# Available data
---*---

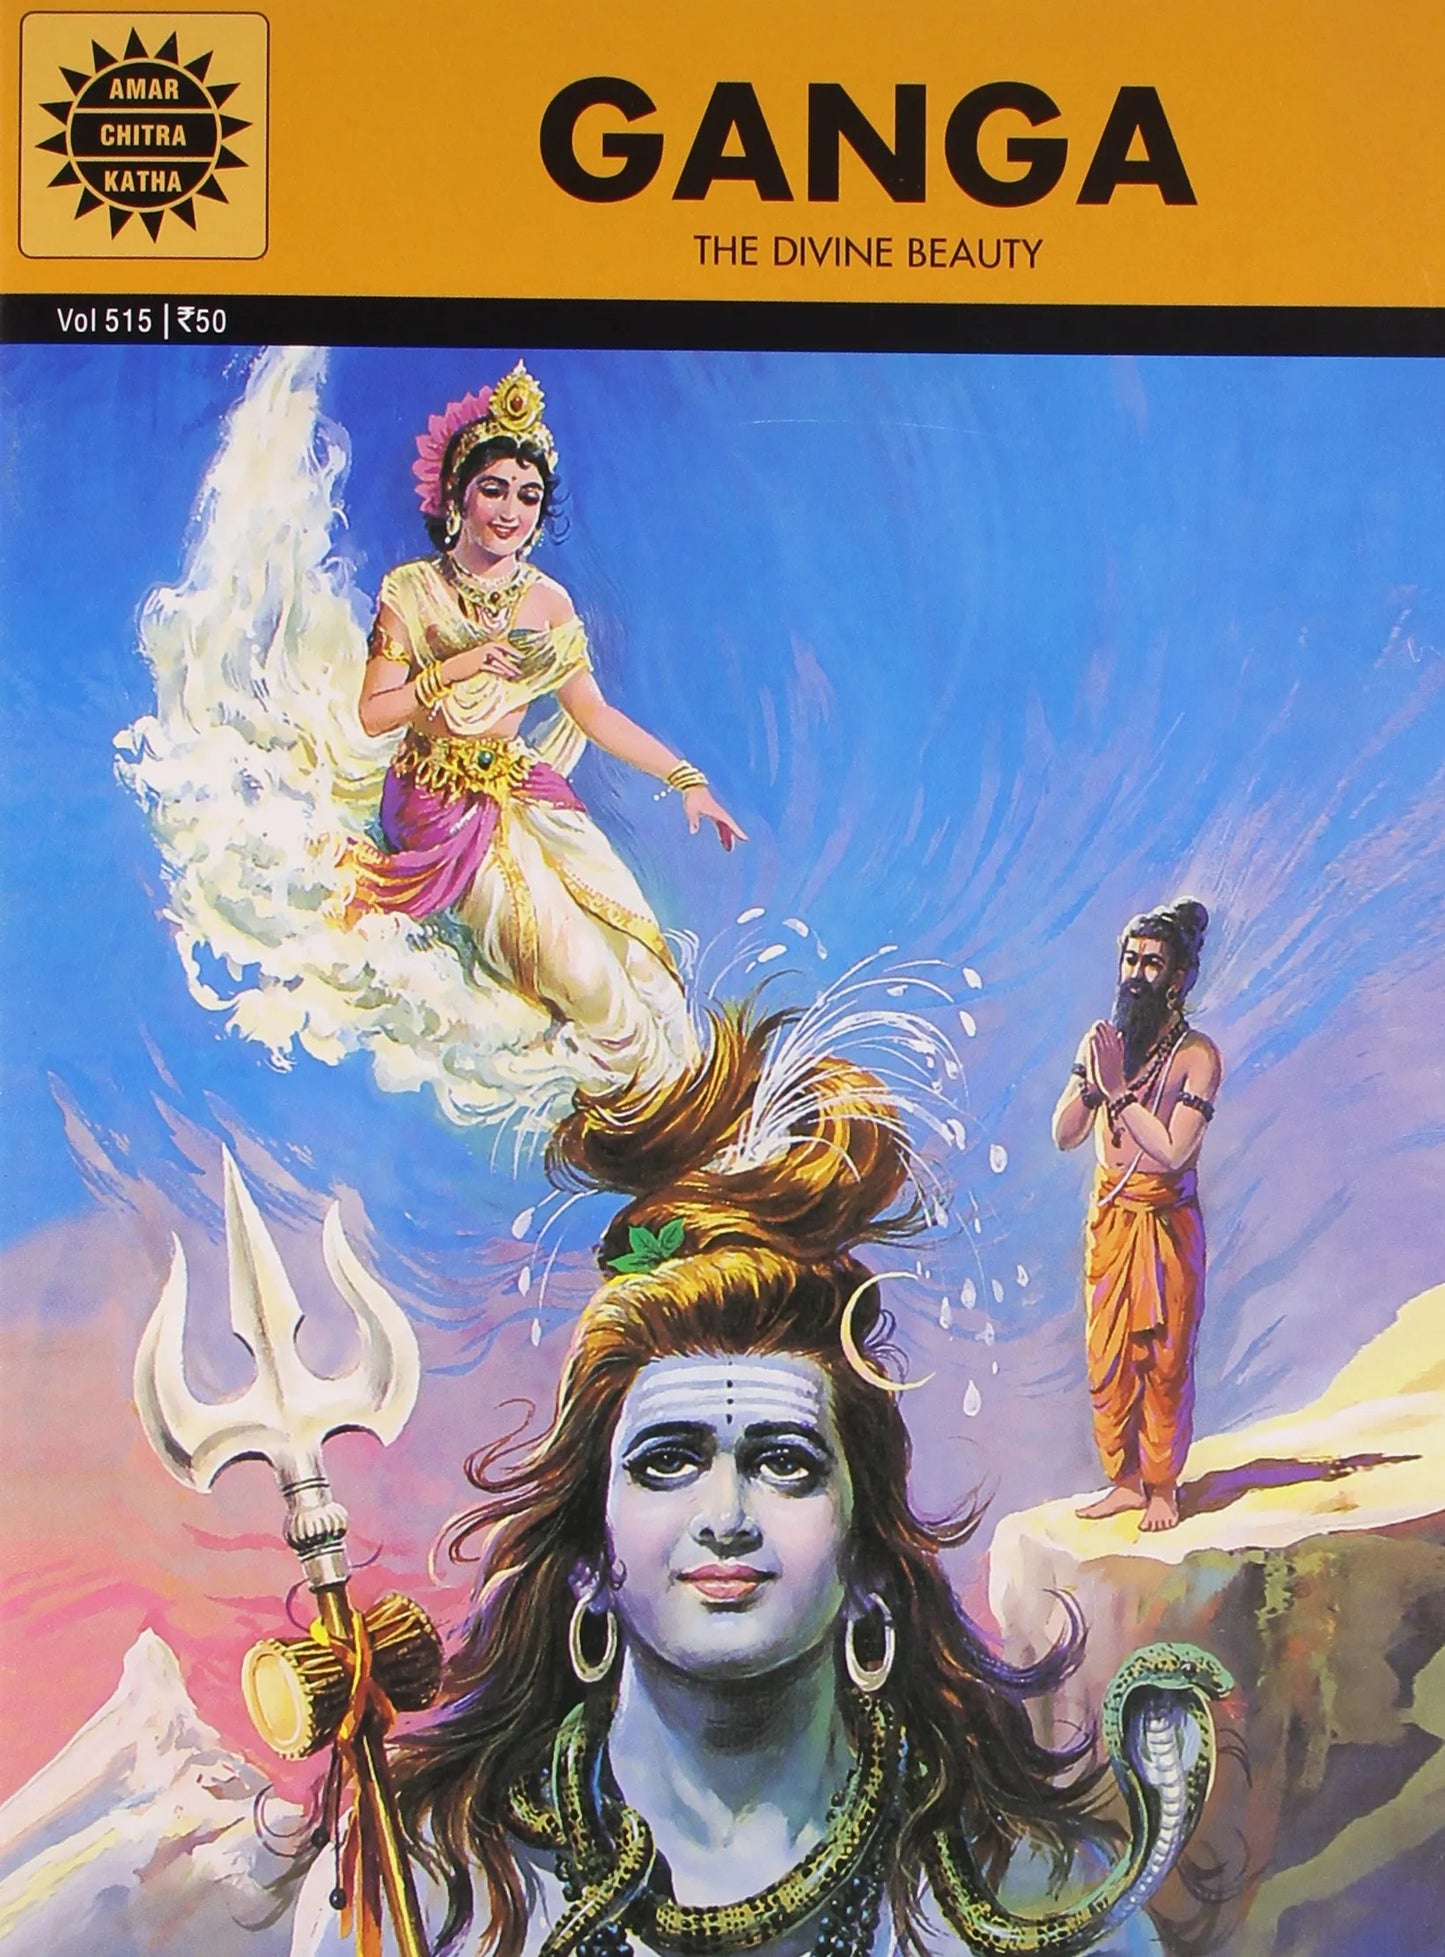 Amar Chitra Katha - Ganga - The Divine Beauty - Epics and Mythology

---*---

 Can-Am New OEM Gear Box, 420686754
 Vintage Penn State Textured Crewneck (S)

---*---

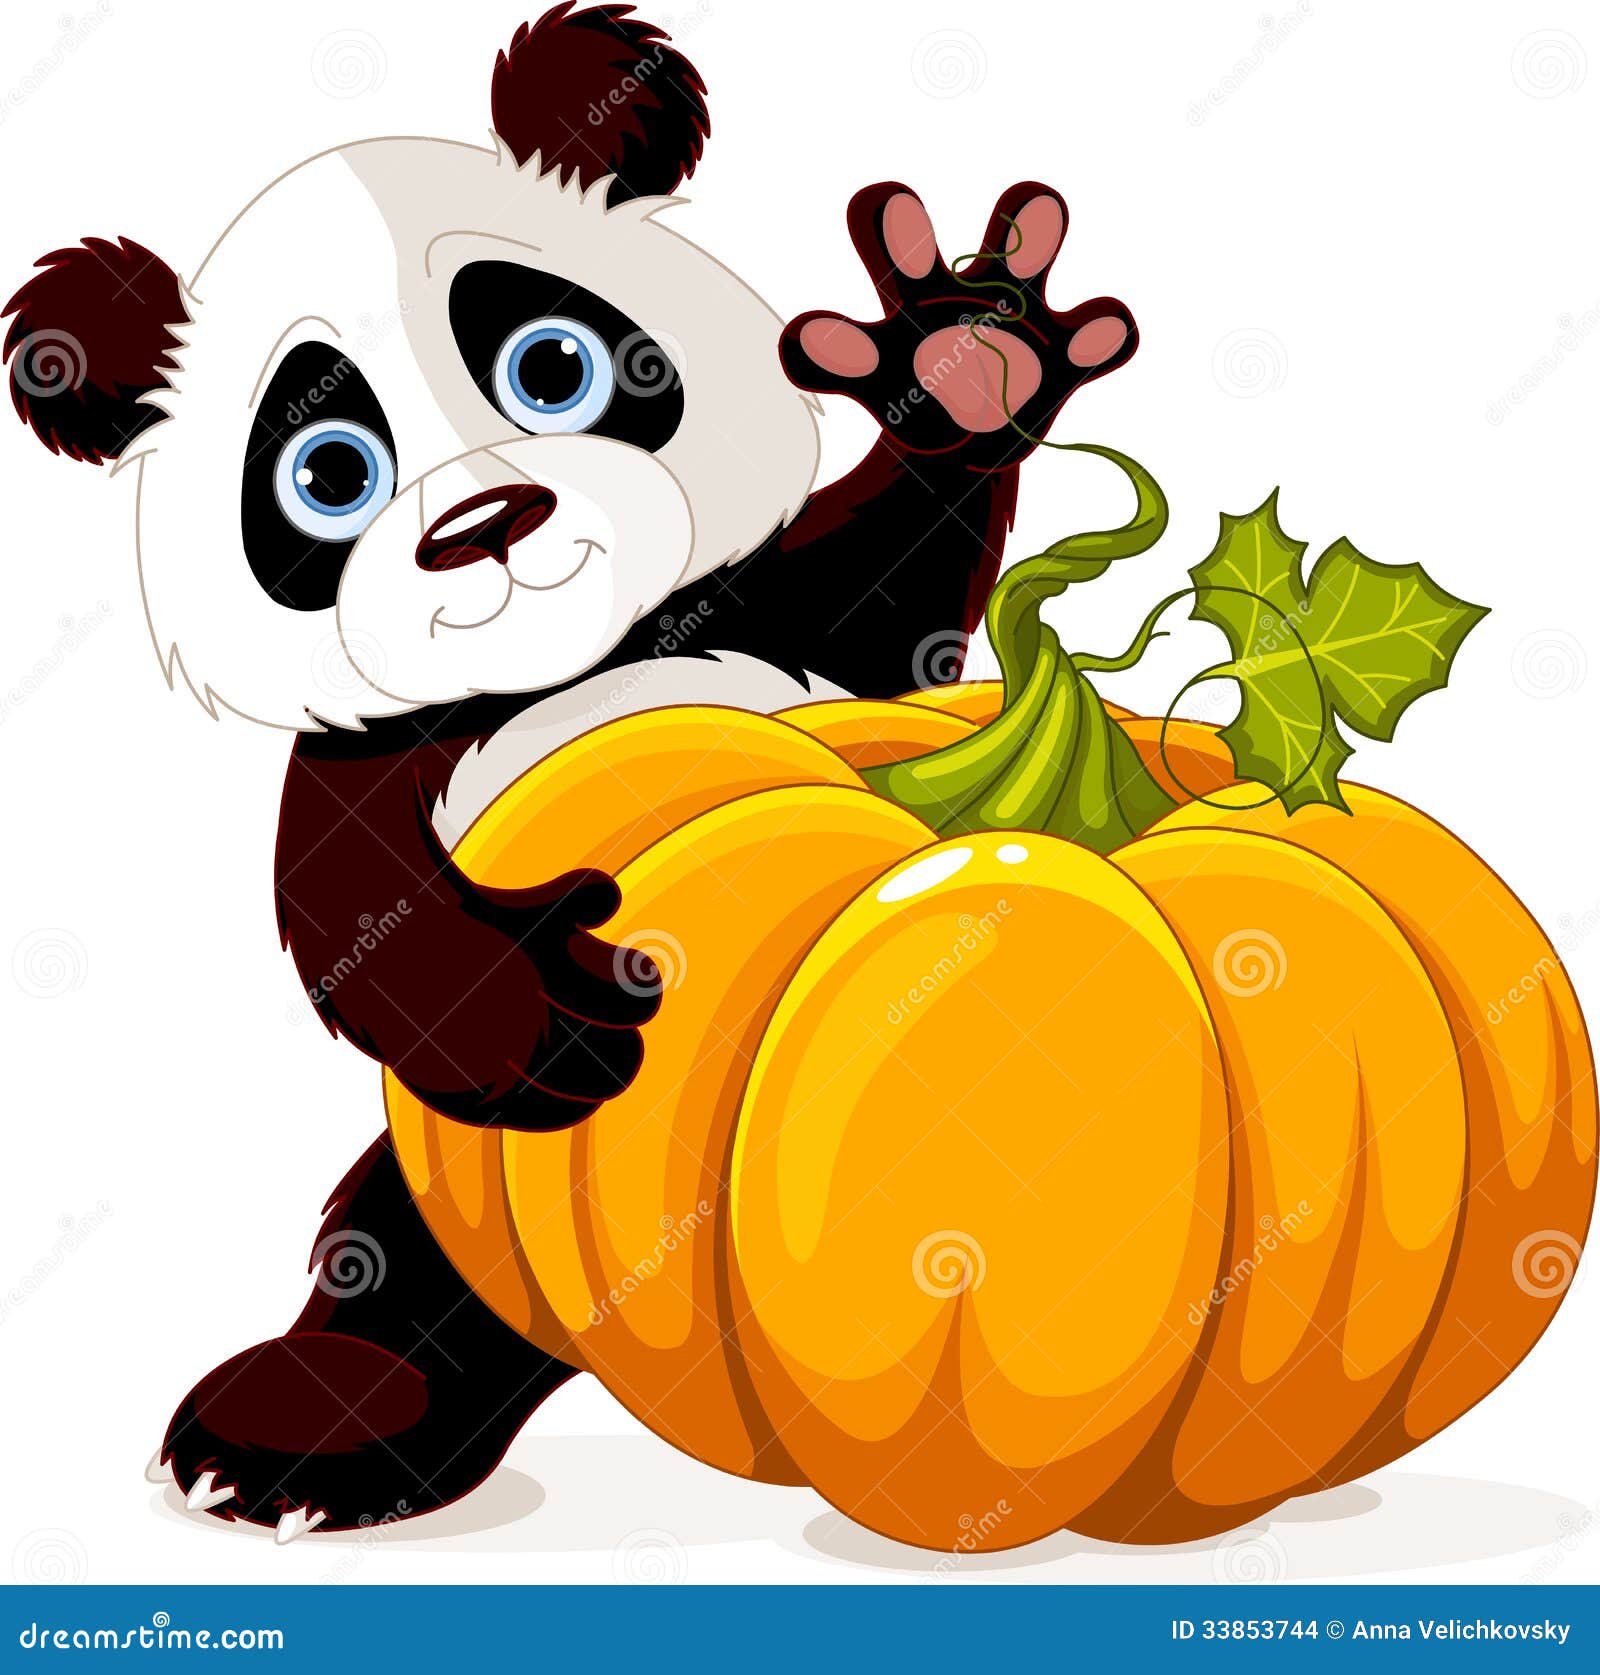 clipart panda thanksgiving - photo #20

---*---

# What the exercise asks
Only one stretch of the records above is wanted: the lines between the one holding "Can-Am New OEM Gear Box, 420686754" and the one holding "Vintage Penn State Textured Crewneck (S)", inclusive, reproduced exactly.

# Answer for the task
 Can-Am New OEM Gear Box, 420686754
 Vintage Penn State Textured Crewneck (S)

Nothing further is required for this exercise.